Solving: $\alpha = \frac{(k_{12}+k_{21}+k_{10}) + \sqrt{(k_{12}+k_{21}+k_{10})^2 - 4k_{21}k_{10}}}{2}$. The coefficients $A$ and $B$ are obtained from initial conditions:

$$A = \frac{D}{V_c} \cdot \frac{\alpha - k_{21}}{\alpha - \beta}, \qquad B = \frac{D}{V_c} \cdot \frac{k_{21} - \beta}{\alpha - \beta}$$

AUC$_\infty = A/\alpha + B/\beta$. Total clearance: $CL = k_{10} V_c = D/\text{AUC}$.

3. Population Pharmacokinetics — NLME Models

Individual patient PK parameters (e.g., $CL_i$, $V_{d,i}$) vary due to age, weight, renal function, and genetic factors. The NONMEM (nonlinear mixed-effects) model:

$$CL_i = \theta_{CL} \cdot (CRCL_i/80)^{\theta_1} \cdot e^{\eta_{CL,i}}$$

where $\theta_{CL}$ is the population mean clearance (fixed effect), $(CRCL/80)^{\theta_1}$ is the creatinine clearance covariate, and $\eta_{CL,i} \sim N(0,\omega^2)$ is the between-subject random effect (BSV). Residual variability $\varepsilon_{ij} \sim N(0,\sigma^2)$ captures assay error and model misspecification.

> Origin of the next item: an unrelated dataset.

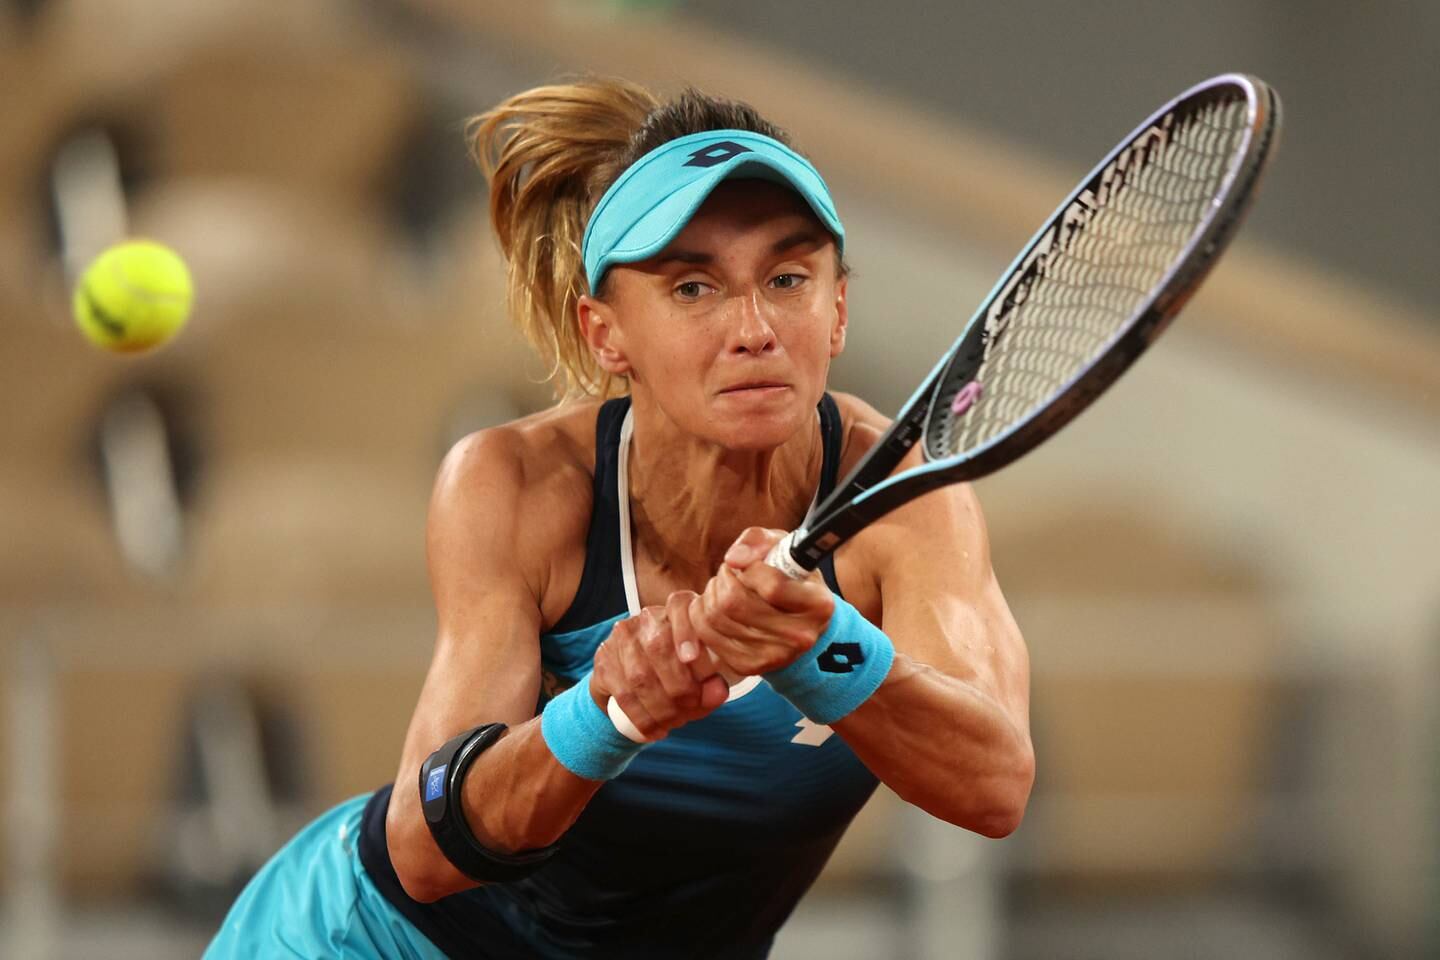 Lesia Tsurenko criticised players for their lack of support regarding the war in Ukraine. Getty

4. Bayesian Dose Individualisation

Given a population PK model (prior) and one or two measured drug concentrations (likelihood), Bayesian estimation updates the patient-specific parameter estimates. The MAP (maximum a posteriori) estimate minimises:

$$\text{OFV} = \sum_j \frac{(C_{obs,j} - C_{pred,j})^2}{\sigma^2} + \frac{\hat{\eta}^2}{\omega^2}$$

MAP Bayesian estimation with one vancomycin trough sample reduces the prediction error from ~50% (population prior) to ~15% (individual posterior), enabling precise AUC-guided dosing per the ASHP/IDSA 2020 vancomycin consensus guidelines.

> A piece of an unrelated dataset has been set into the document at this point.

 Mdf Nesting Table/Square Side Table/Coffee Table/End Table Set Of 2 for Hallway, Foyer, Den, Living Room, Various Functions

Worked Example — Two-Compartment Parameters

From IV bolus: $C_c(t) = 8e^{-1.2t} + 2e^{-0.15t}$ (mg/L, t in hours). $\alpha = 1.2$ h$^{-1}$, $\beta = 0.15$ h$^{-1}$, $A = 8$, $B = 2$. $AUC = 8/1.2 + 2/0.15 = 6.67 + 13.33 = 20.0$ mg·h/L. If $D = 500$ mg: $V_c = D/(A+B) = 500/10 = 50$ L. $CL = D/AUC = 500/20 = 25$ L/h. $k_{10} = CL/V_c = 25/50 = 0.5$ h$^{-1}$. From $\alpha\beta = k_{21}k_{10}$: $k_{21} = 1.2\times0.15/0.5 = 0.36$ h$^{-1}$. $k_{12} = \alpha+\beta-k_{21}-k_{10} = 1.35-0.36-0.5 = 0.49$ h$^{-1}$. ✓

Two-Compartment PK Model — Biexponential Profile
C₀ = D/Vc =?mg/L
AUC =?mg·h/L
α (fast) =?h⁻¹
β (slow) =?h⁻¹

Practice Problems

1. A drug gives $C(t) = 12e^{-2.0t} + 4e^{-0.12t}$ mg/L after a 600 mg IV bolus. Identify $\alpha$, $\beta$, $A$, $B$. Compute $V_c$, $V_p$ (using $V_p = k_{12}V_c/k_{21}$), $CL$, and total $V_d = V_c + V_p$.
2. Explain why the α-phase half-life does not represent drug elimination but rather distribution. Sketch $\ln C$ vs $t$ and show how graphical residual subtraction (feathering) can estimate $A$, $B$, $\alpha$, $\beta$ from a log-linear concentration-time plot.
3. A population PK model for gentamicin gives $\theta_{CL} = 0.06 \times CRCL$ (L/h), $\omega_{CL} = 0.35$ (30-50% BSV). A patient has CRCL = 40 mL/min. A trough concentration of 0.8 mg/L (expected 1.0 mg/L) is measured. Describe the Bayesian update and whether the dose should be changed.